Task details: Exclude the images, then return every line below exactly as written.

Dataset extract:
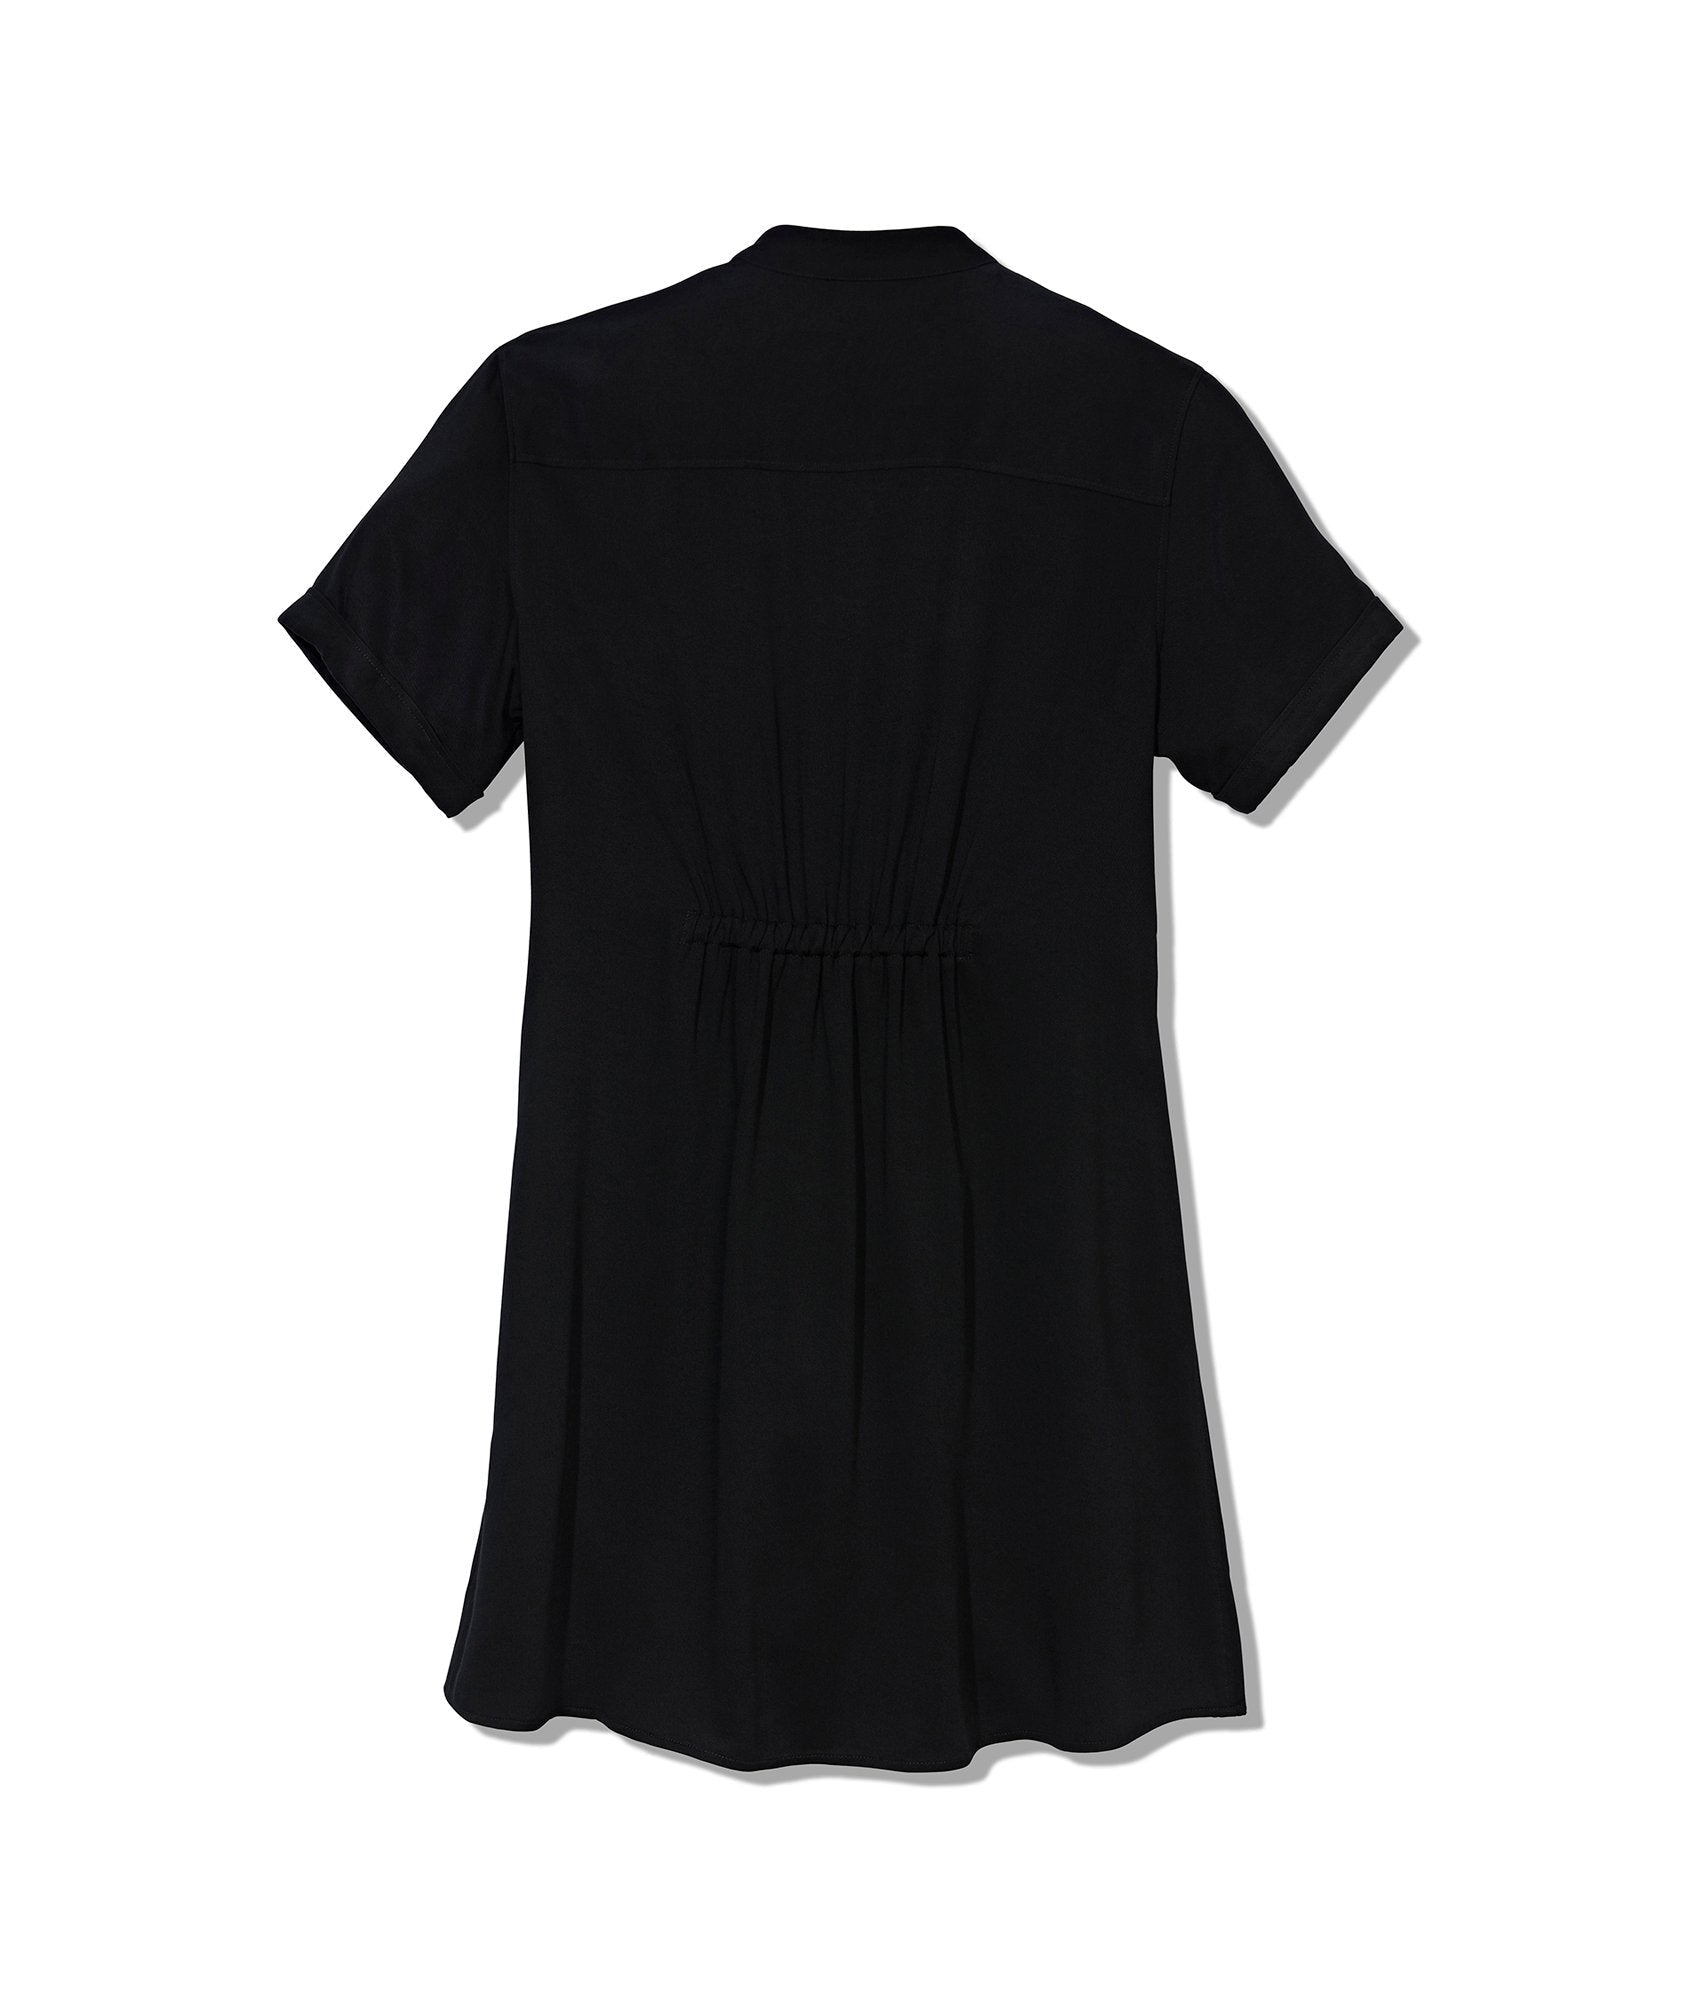 The Frieda Essential Day Dress in Black
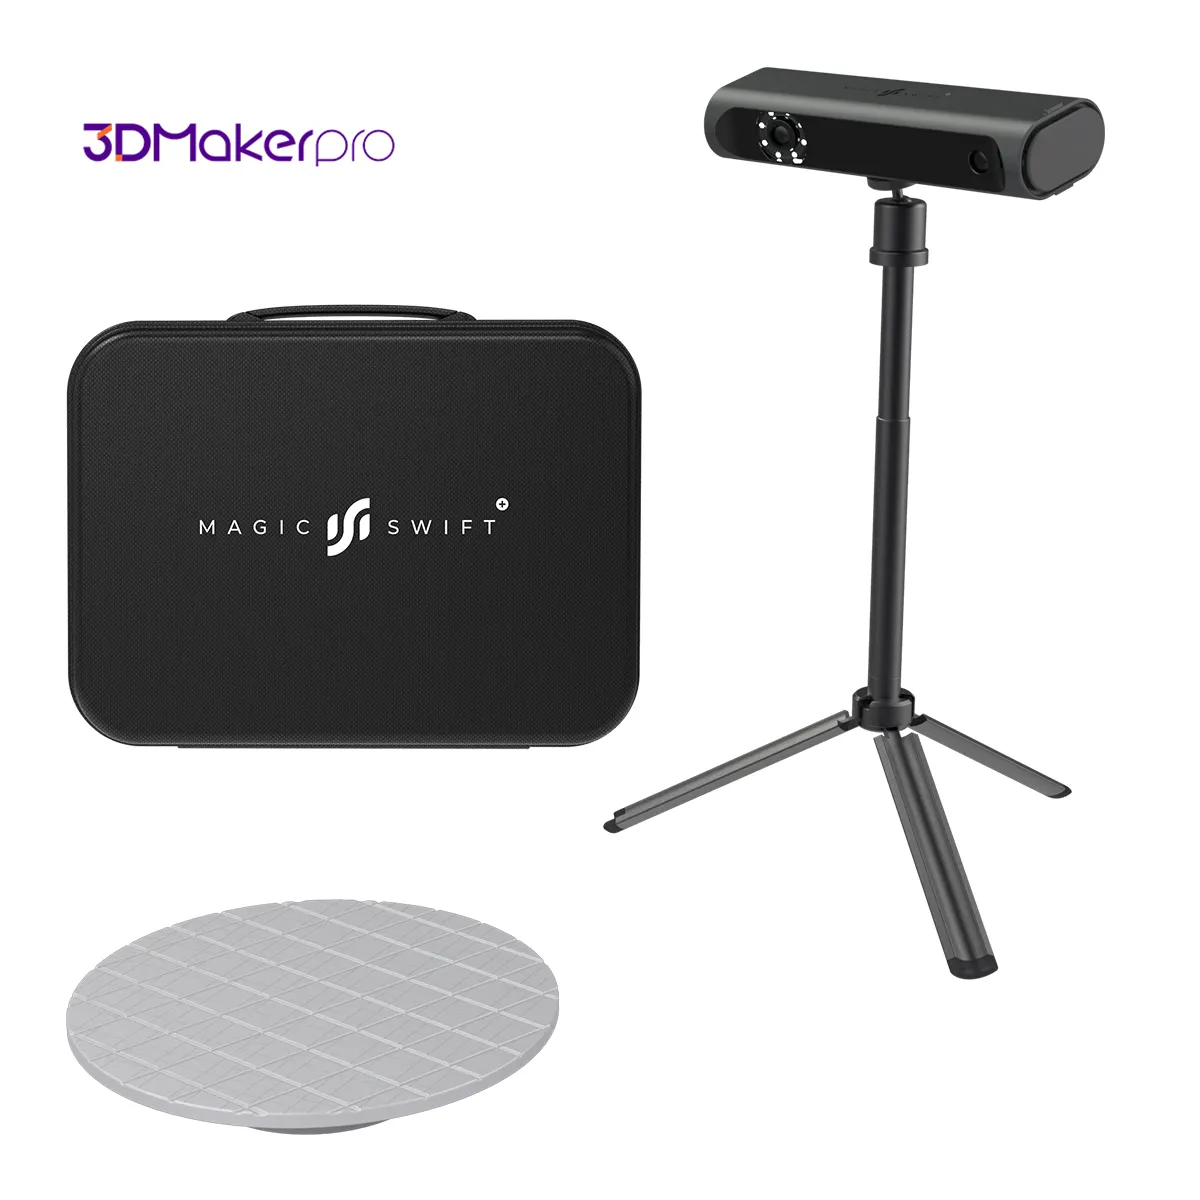 3DMakerPro Magic Swift Plus Portable 3D Scanner Mono Premium 0.1mm High-precision Multi-mode Scanning 0.25mm High-resolution
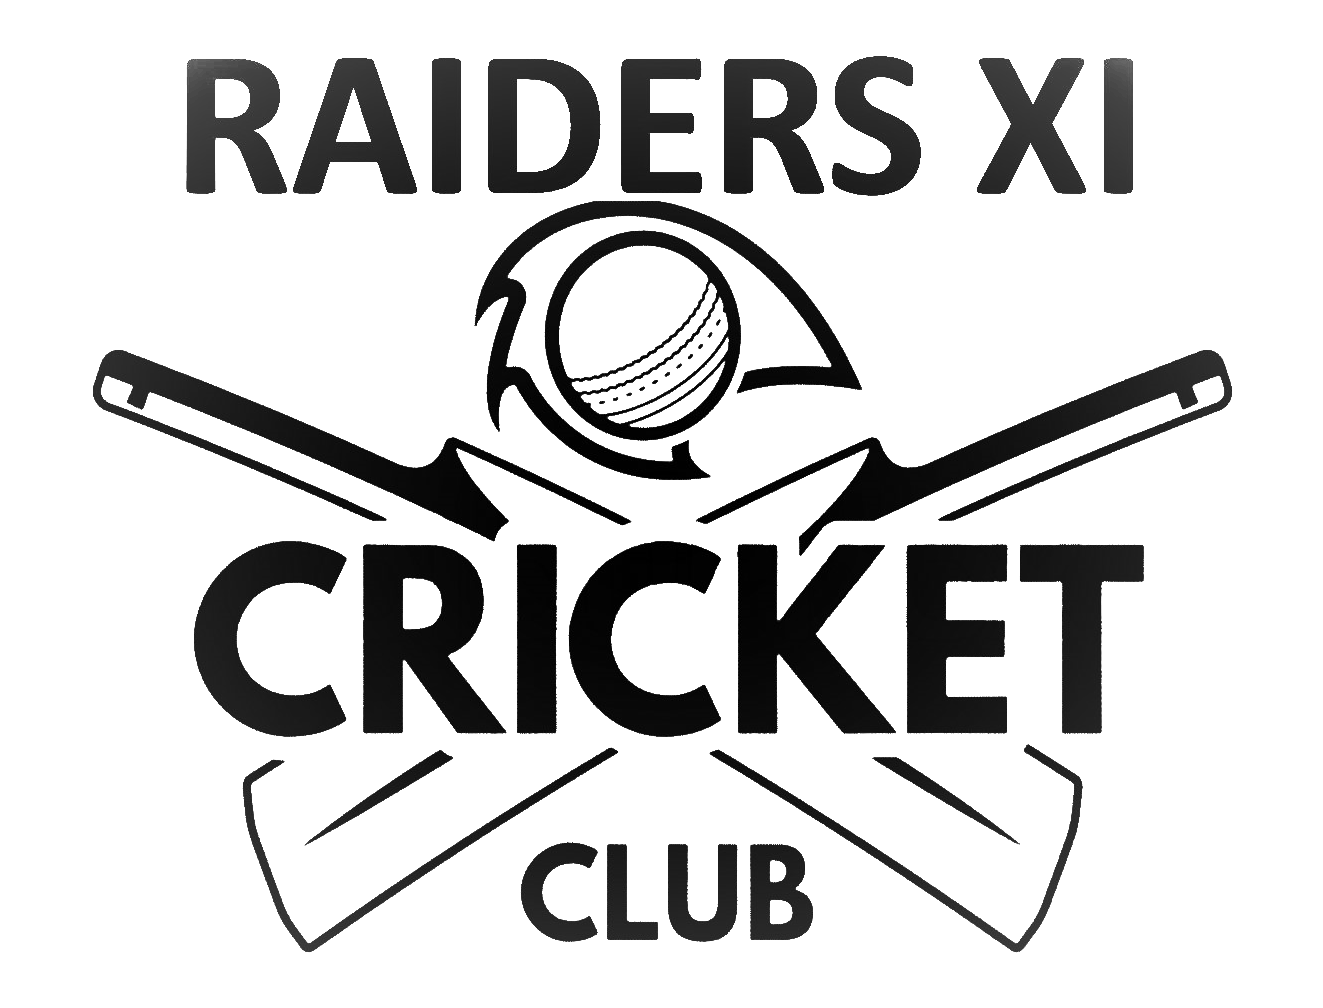 raiders x? cricket club png logo #5046

Exercise response:
 The Frieda Essential Day Dress in Black
 3DMakerPro Magic Swift Plus Portable 3D Scanner Mono Premium 0.1mm High-precision Multi-mode Scanning 0.25mm High-resolution
 raiders x? cricket club png logo #5046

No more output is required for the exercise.